Капитан Эдвард Дарси был лощеным сукиным сыном, капером на службе Её Величества, смазливым блондином с льдистыми голубыми глазами, аристократическими манерами и высоким происхождением. Такие, как он, являлись центром притяжения для дам на светских приемах. Ему бы пристало быть знатным покорителем сердец, но нет же, Эдвард возился со всяким отребьем, вроде неё. У него была хорошо организованная шайка 'законников', которая бороздила моря.
Капитан Дарси поднял её запястья над головой и смог одной рукой удерживать их. Все тело снова онемело, но с губ сорвались знакомые слова:
- Отче наш...
- Что, Эмиль, еще не привык, что Бог тебя не слышит? Он уже давно никого не слышит... Эмиль? Хм, нет, тебя точно зовут не Эмиль. Тогда как? Отвечай, - строгий его голос заставил бы и мертвого говорить. Но Эмма молчала.
Как оказалось - и небольшие завязки на рубахе не были особым препятствием. Дальше - он оттянул ворот и со странным удовлетворением заметил тугую перевязь груди. Любой бы другой подумал о ранении, что совсем недавно мог пережить юнга. Но Эдвард точно знал, что кроется за полосами ткани.

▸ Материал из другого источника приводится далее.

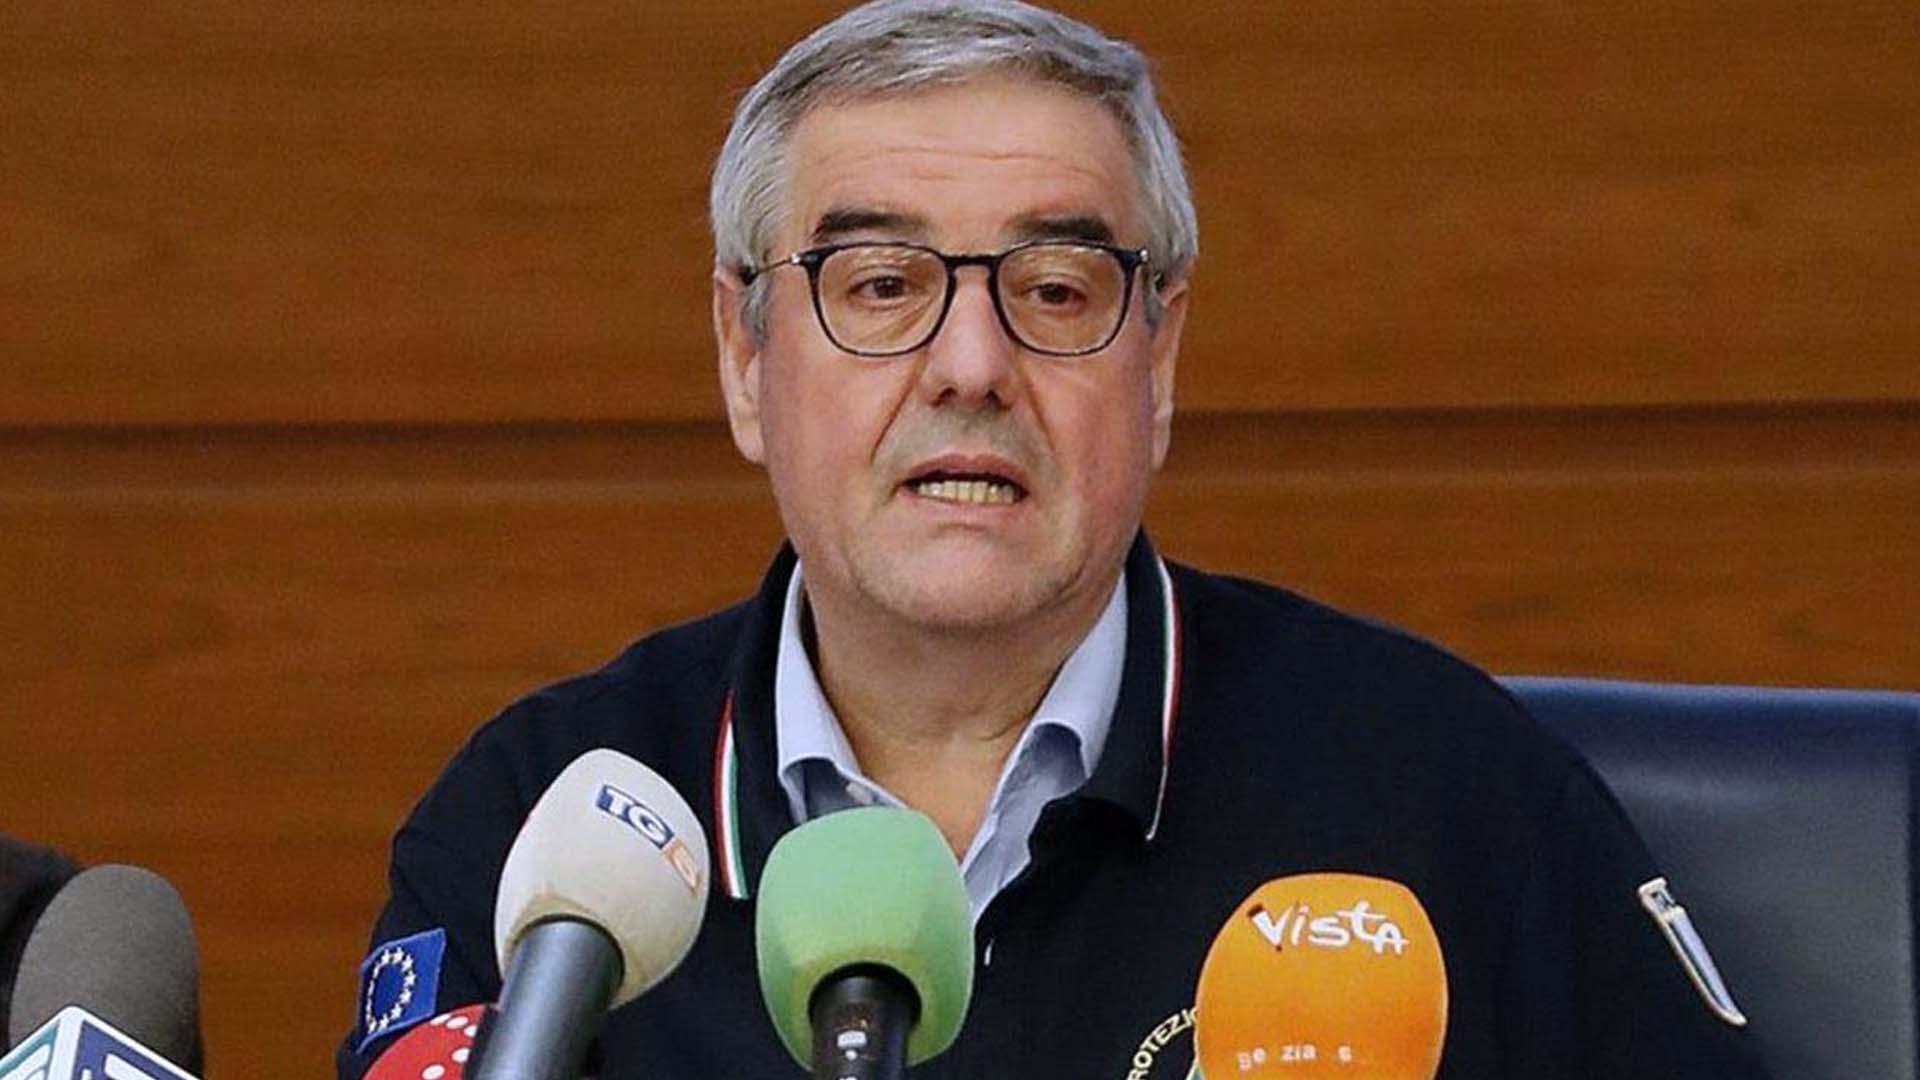 Angelo Borrelli alla conferenza stampa della Protezione Civile

- Знаешь ли ты, Эмиль, как страшно это думать, что ты - капитан корабля, капитан одного из самых быстроходных суден, аристократ, которому благоволит Её Величество, влюбился в мальчишку? Связь между мужчиной и мужчиной - противоестественная, - лицо его было искажено гримасой гнева и от того, что он цедил все эти слова, склонившись над Эммой, хотелось закрыть глаза. Но он не позволил.
Ну чем она себя выдала? Вертлявой задницей, наверное... Мальчишки с улицы всегда хохотали над ней, говорили о том, что сошла бы за свою, если бы не вертлявая девчоночья задница. Да, они всегда говорили именно так и не иначе, потому что поучиться правильной речи было не у кого.
Понимал ли этот мужчина, что творил? Эдвард Дарси - жестокий садист и жаль, что не все это понимали. Поначалу ей нравилось на корабле, под командованием капитана. Он не кричал на подчиненных, всегда четко ставил задачи и способствовала их достижению. Может потому их корабль и не потонул в первых каперских стычках, когда была дележка за власть и влияние. Тогда у Её Величества было одна игра, среди пиратов же - совершенно другая. Капитан Дарси был лучшим. Лучшим мореходом, лучшим командиром. Но он был отвратительнейшим человеком.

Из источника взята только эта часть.